When I was four, my family went to Hawaii. We did not generally take vacations; in fact, this was one of only three I can recall throughout my childhood. I have come to regard my parents as distant, fantastical planets whose orbits only catastrophically collided to produce two children, one boy and one girl, nineteen months apart. We always did feel like tectonic plates on the verge of a devastating quake.

In Hawaii, I remember spending my days in the hotel pool, my parents nowhere to be found. They should have been off falling in love, but more than likely were falling out of it. I slapped goggles over my head and dove for the rough white bottom of that pool, mistakenly swallowing chlorinated water until my parents finally emerged to peel the sun off our shoulders. One night, they let me and my brother climb into the hot tub and play in the giggling bubbles that creeped across our chests, necks, and heads. I think I was trying to teach myself how to drown in that hot tub, a practice I habituated in a dismal porcelain bathtub as a suicidal fifteen-year-old. When I was three, I nearly did drown. I have no recollection of my fully clothed, business-woman mother jumping in to untangle me from the throes of our backyard swimming pool. Despite my mom’s heroism, there was no salvation to be had from the continual process of drowning I’ve been engaged in ever since. There’s still water inside me, in all of the wrong places. 

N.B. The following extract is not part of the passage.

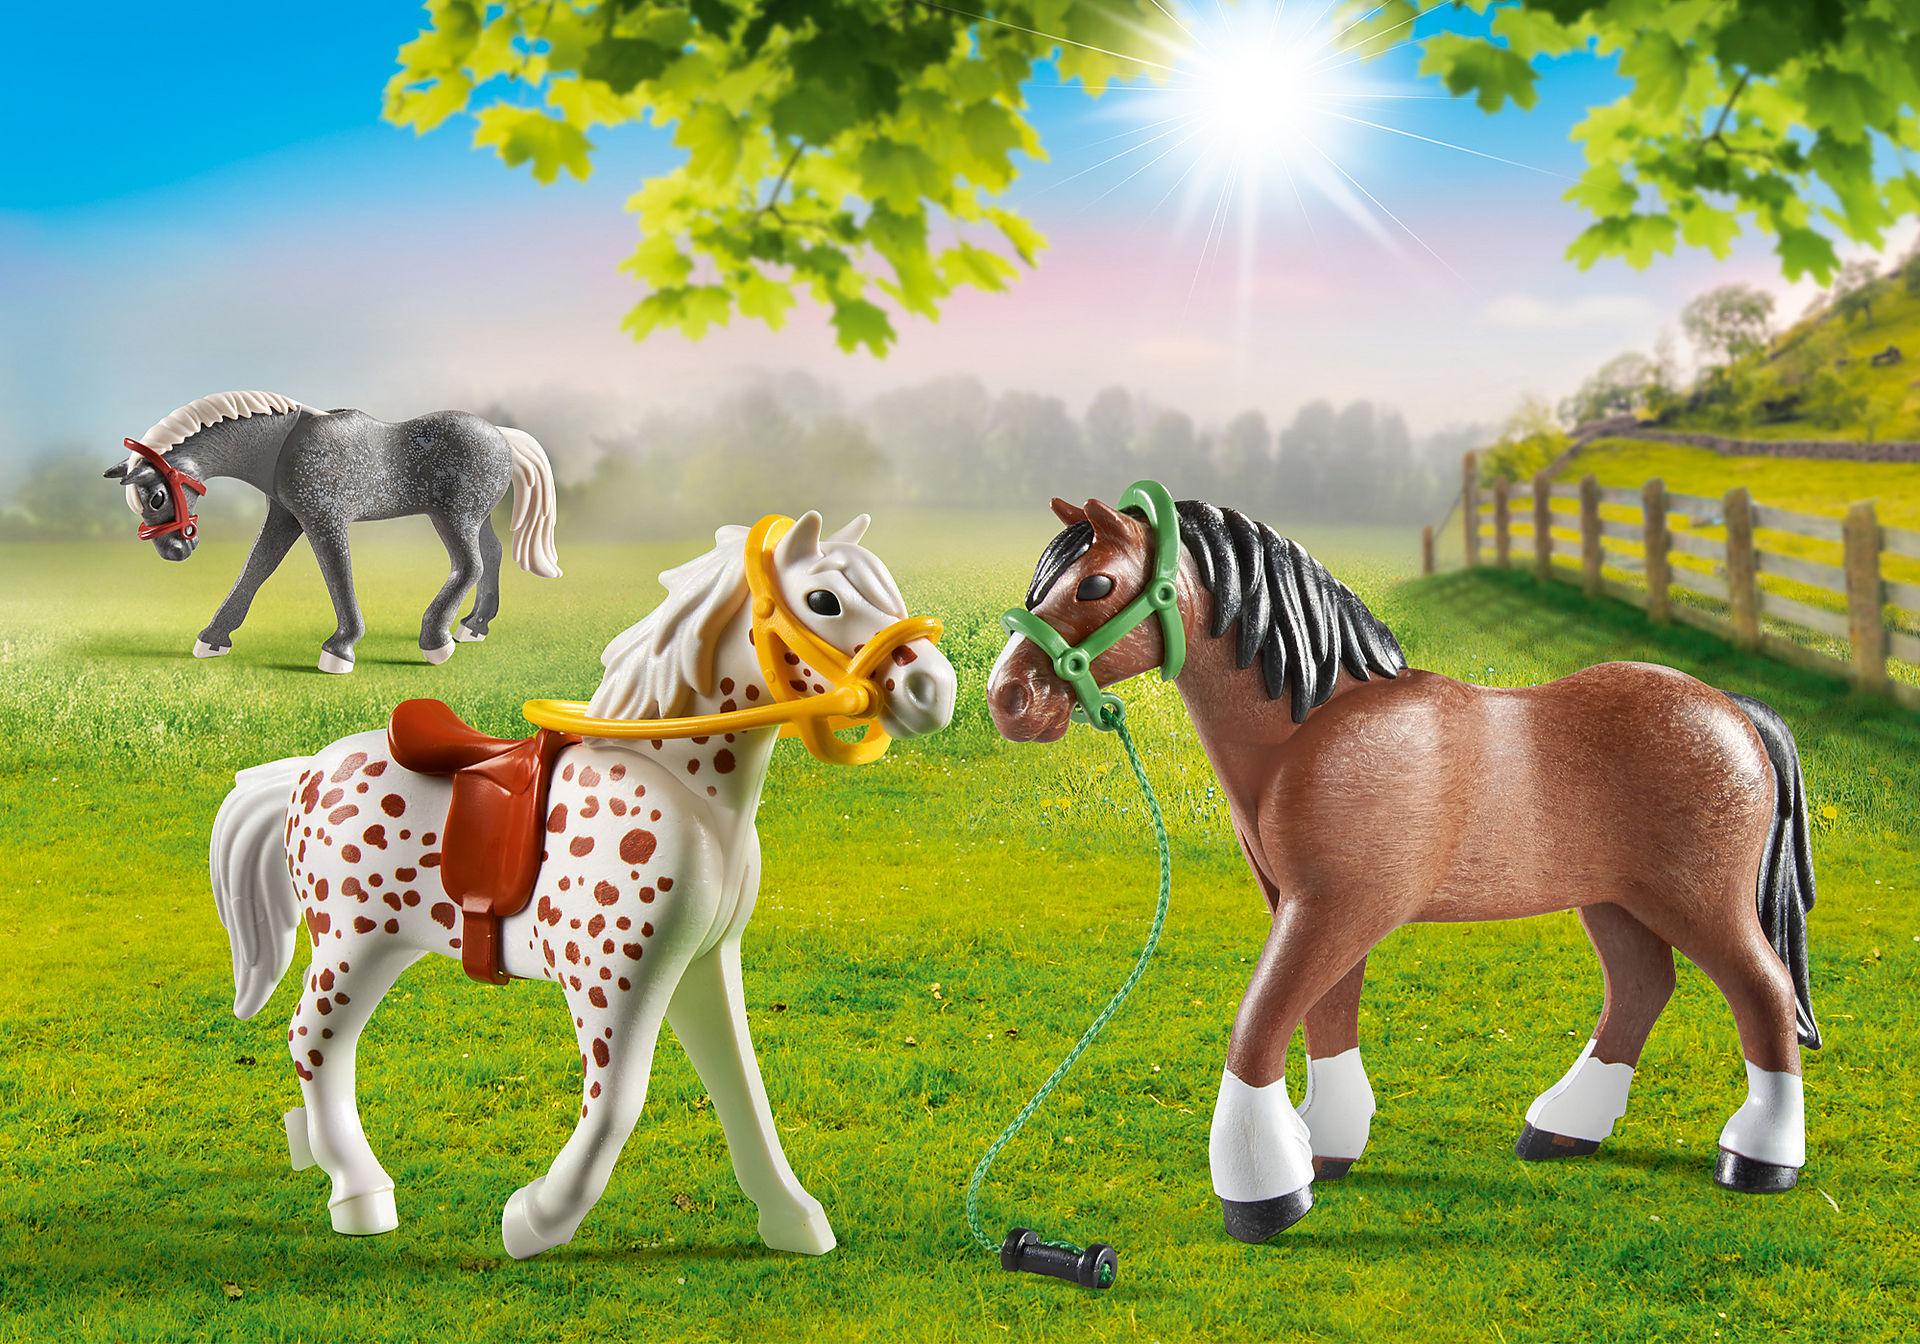 70683 3 paarden zoom image1

We took a helicopter to go look at the magma spilling from the pores of ancient volcanoes’ wide, gaping grins. These volcanoes are the grandmothers of us all, the ones that haunt our picture frames and therapy sessions and dreams. How many secrets do they promise to keep in their winking eyes?

As my toddlerhood waned, I used to ask my dad if I could take my shoes off when I got to Heaven to run on the clouds. I loved God then, because I had yet to be hurt by Him or those who claimed to love Him. I loved Christianity because it all seemed so simple; I carried my heaven and hell around in black and gold pony beads that dangled around my wrist. I loved my parents even though they never promised to love a queer daughter. I must have loved my body too, even if I can’t remember it.

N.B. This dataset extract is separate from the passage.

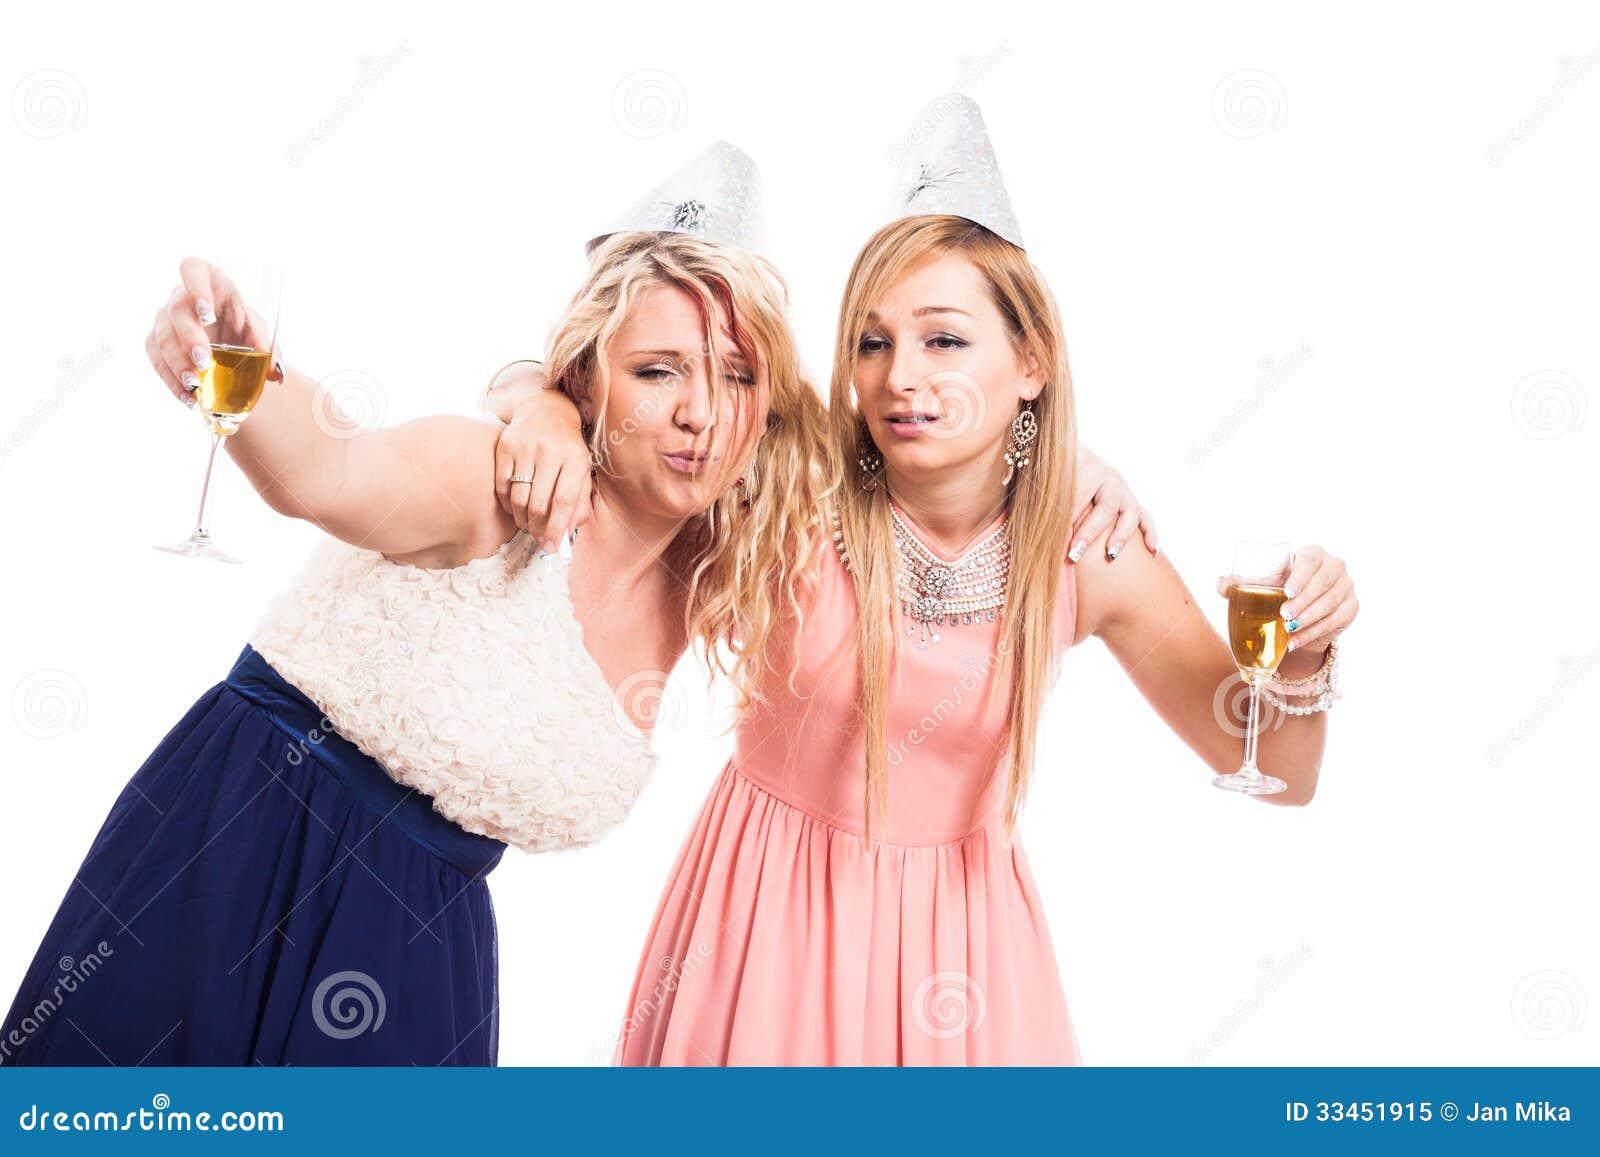 1817d559b5 Dos mujeres borrachas celebran con el alcohol, aislado en el fondo blanco

These are the secrets I try to drown in bathtubs and swimming pools and volcanic ash. 

Let me tell you about them.


Christians Like Me

Imagine this,

You are four years old. Someone has told you that you are a sinner: fundamentally flawed, irreparably so, filthy. It all seems so simple: the wages of sin is death, and the only person who can save you is a three-headed beast named God. Do you want to accept his free gift of salvation?

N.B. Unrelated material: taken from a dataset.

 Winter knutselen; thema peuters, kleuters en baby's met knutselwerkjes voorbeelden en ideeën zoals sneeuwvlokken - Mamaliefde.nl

You are nine years old. You’re at a summer camp for your church, learning about how to be a better Christian. Being a better Christian is all about guilt, you realize. You’re nothing without Christ, after all. 

You are ten years old. In your diary, you write that you are lonely. In your prayer journal, you tell God he is your best friend. But how can anyone with a best friend be lonely? 

You are thirteen years old. You fall in love with a girl, a girl, a girl. You wish you were dead. Love feels like dying. Love is dying, naked on a tree. 

You are fifteen years old. Your grandfather slips into eternal sleep, finally. You can stop crying because you’ll see him again, in another life. But you ask God to save you again, just to be sure. 

You are seventeen years old. Your grandmother falls off a boat and dies. You can’t stop crying because queer girls don’t get to see their grandmas in Heaven. You’ve never felt so alone.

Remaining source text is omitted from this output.